Tuesday, May 29, 2012
Back in February, I took part in an online book symposium at Political Theology’s blog, There is Power in the Blog, on Simon Critchley’s The Faith of the Faithless: Experiments in Political Theology (Verso, 2012). My piece, “The Faith of the Faith/less?”, introduced Critchley’s notion of ‘meontological association’ to frame a tentative answer to my question of how religious collectives might take part in this experiment in political theology; how, in other words, they might become more ‘faithless’ and thereby more ‘faithful’.
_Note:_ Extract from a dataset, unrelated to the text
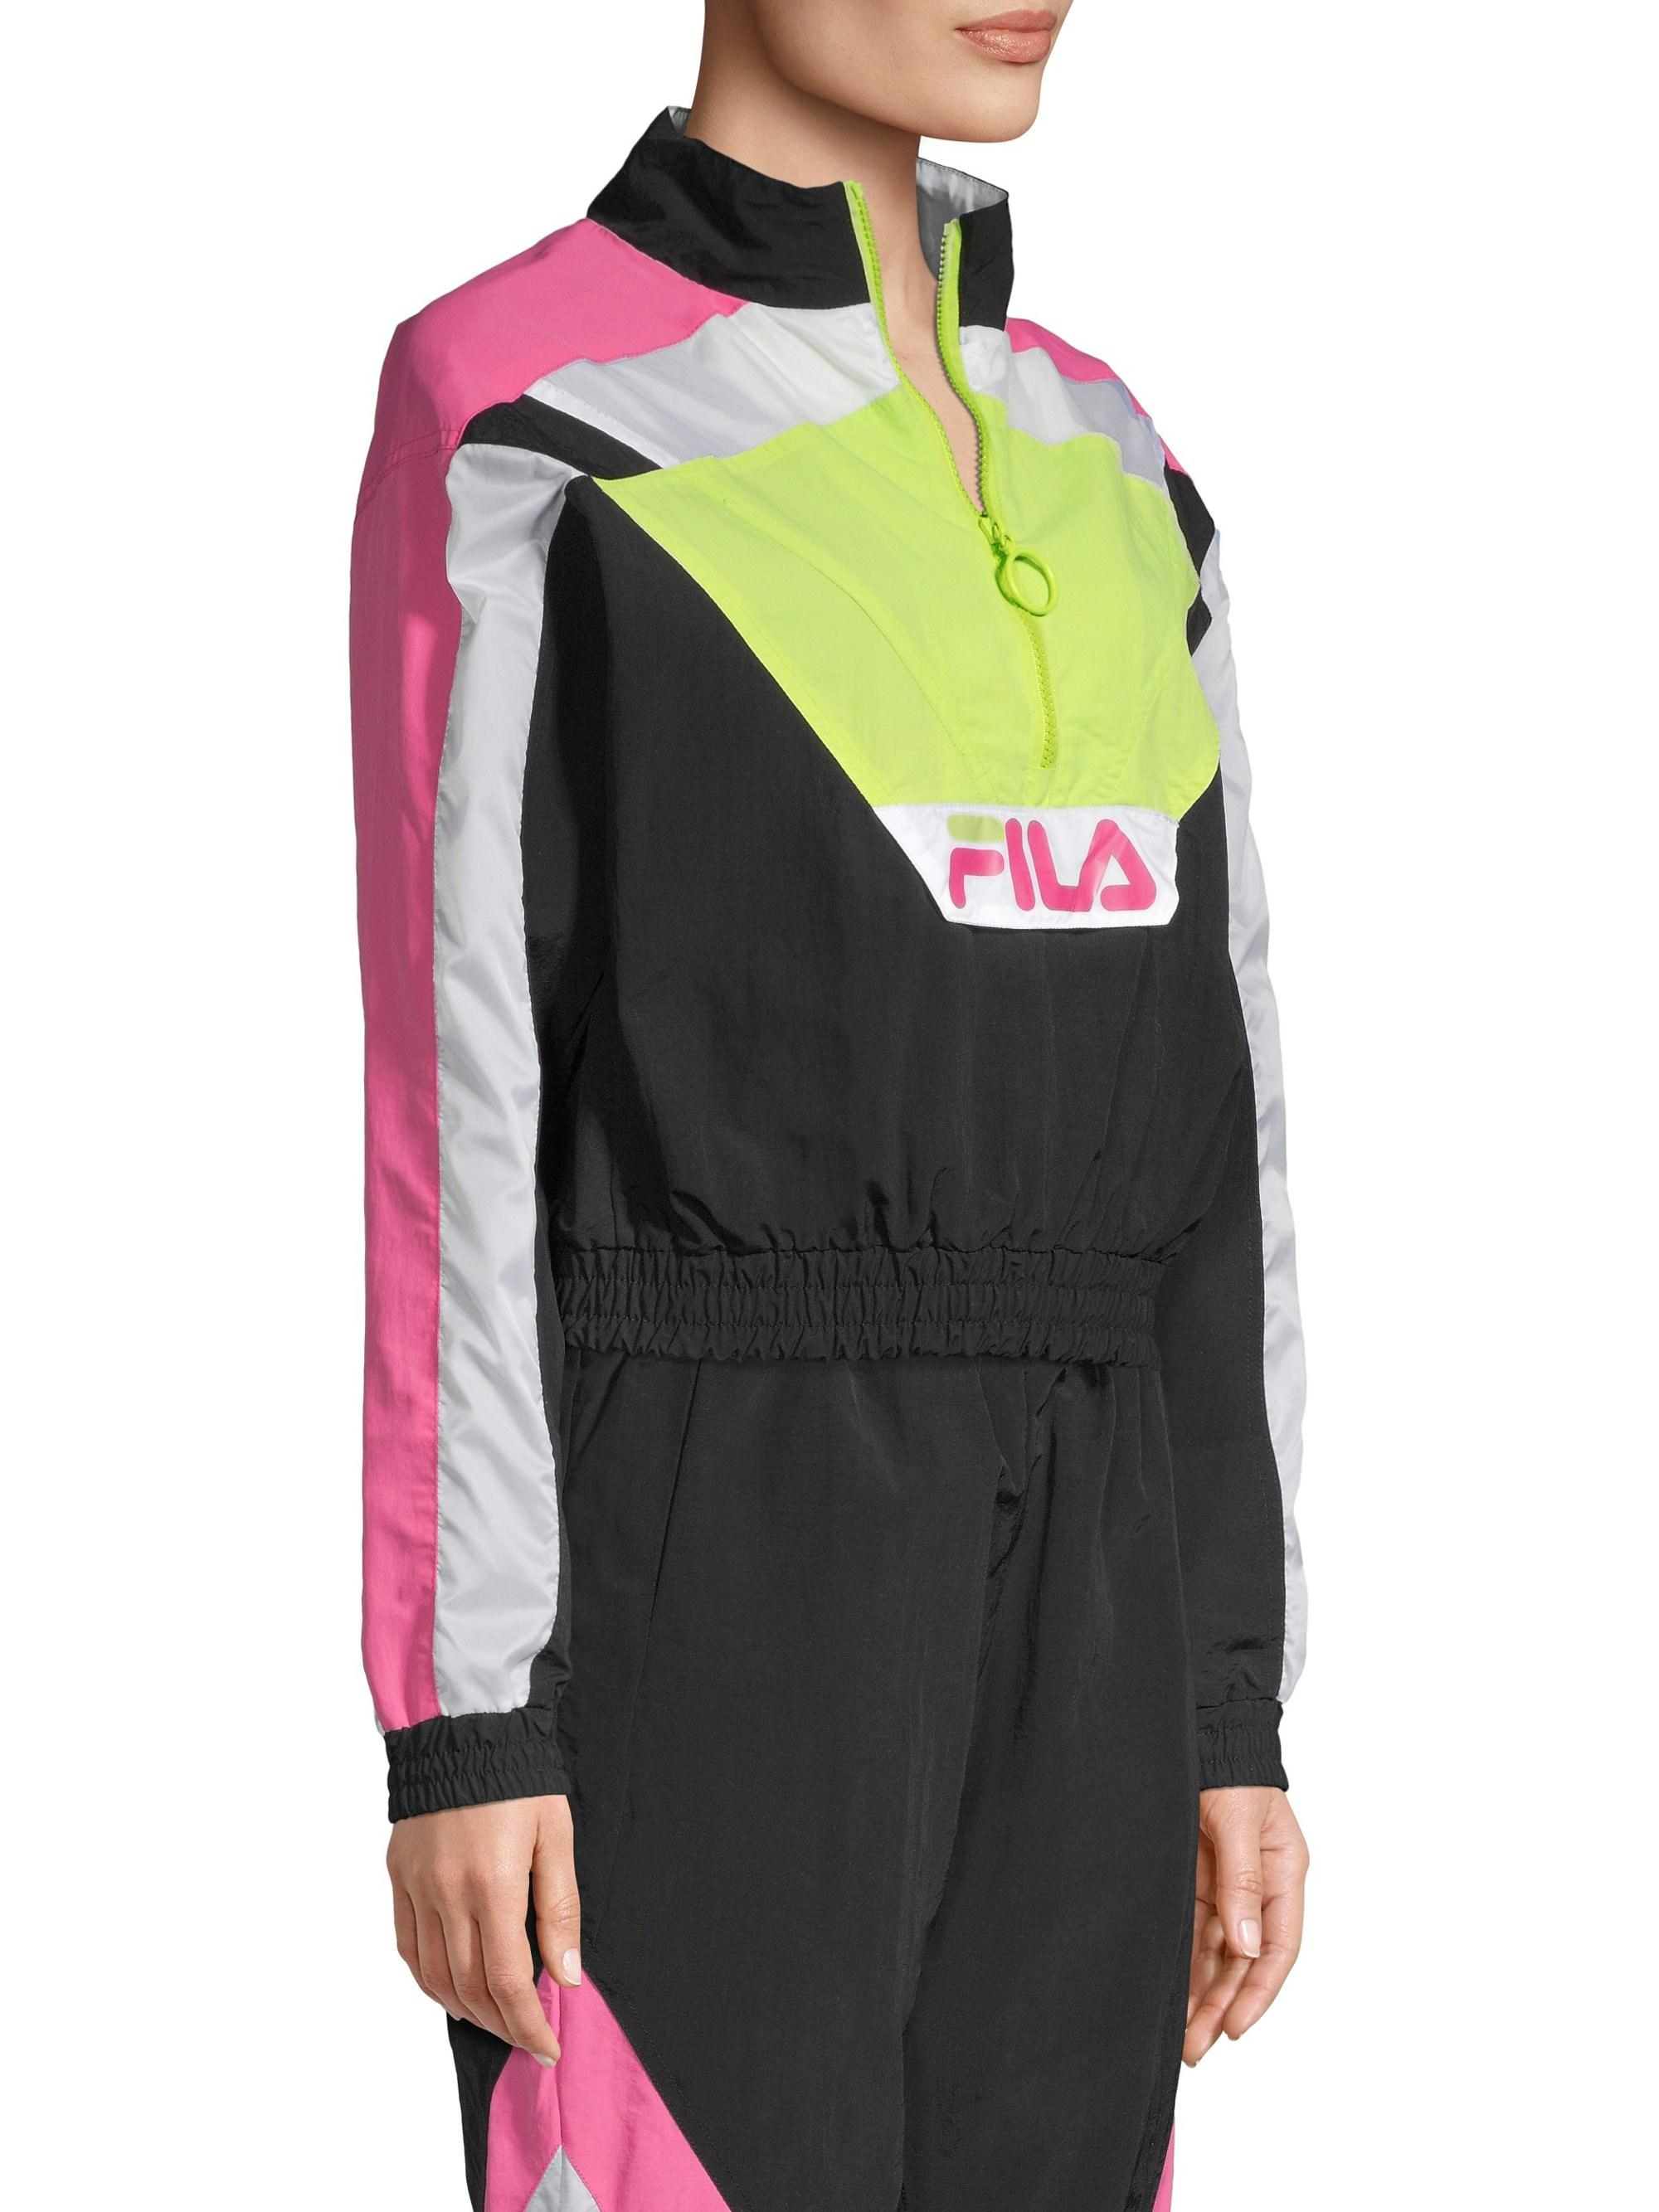 19e4d9a07de1 Fila Conchita Half-zip Wind Jacket - Lyst

Along with the other contributors, (John Reader, Ward Blanton, and Creston Davis), I’m now starting to work this blog post up into an article for the Political Theology journal. Part of this Issue will be an interview with Critchley based on questions raised by our blog posts, so the symposium organiser has asked us to send them in to him today. These are mine:
- As a ‘fiction of association’ and ‘an implied generality’ (40), is the ‘community’ of the faithless a universality that cuts across ‘really existing’ communities, identities and traditions, including across conventional divisions between religion and ‘non-religion’, theism and atheism?
- If so, can religious communities cultivate this faithless faith? In other words, if religious faith can become more faithless and, thereby, more ‘faithful’, how might it become more able to ‘sustain the rigor of faith without requiring security, guarantees, or rewards’ (252)?
- Would, then, you in any way link the notion of ‘the faith of the faithless’, of a form of faith without guarantees, to other theological, philosophical and psychoanalytic conceptualisations of faith, and of the possibility of religion, ‘after the death of God’?
- If not, can religious communities take part in this experiment in political theology at all?
The deadline for our articles is July 1, but I’m not yet sure in which Issue of Political Theologythe symposium will be.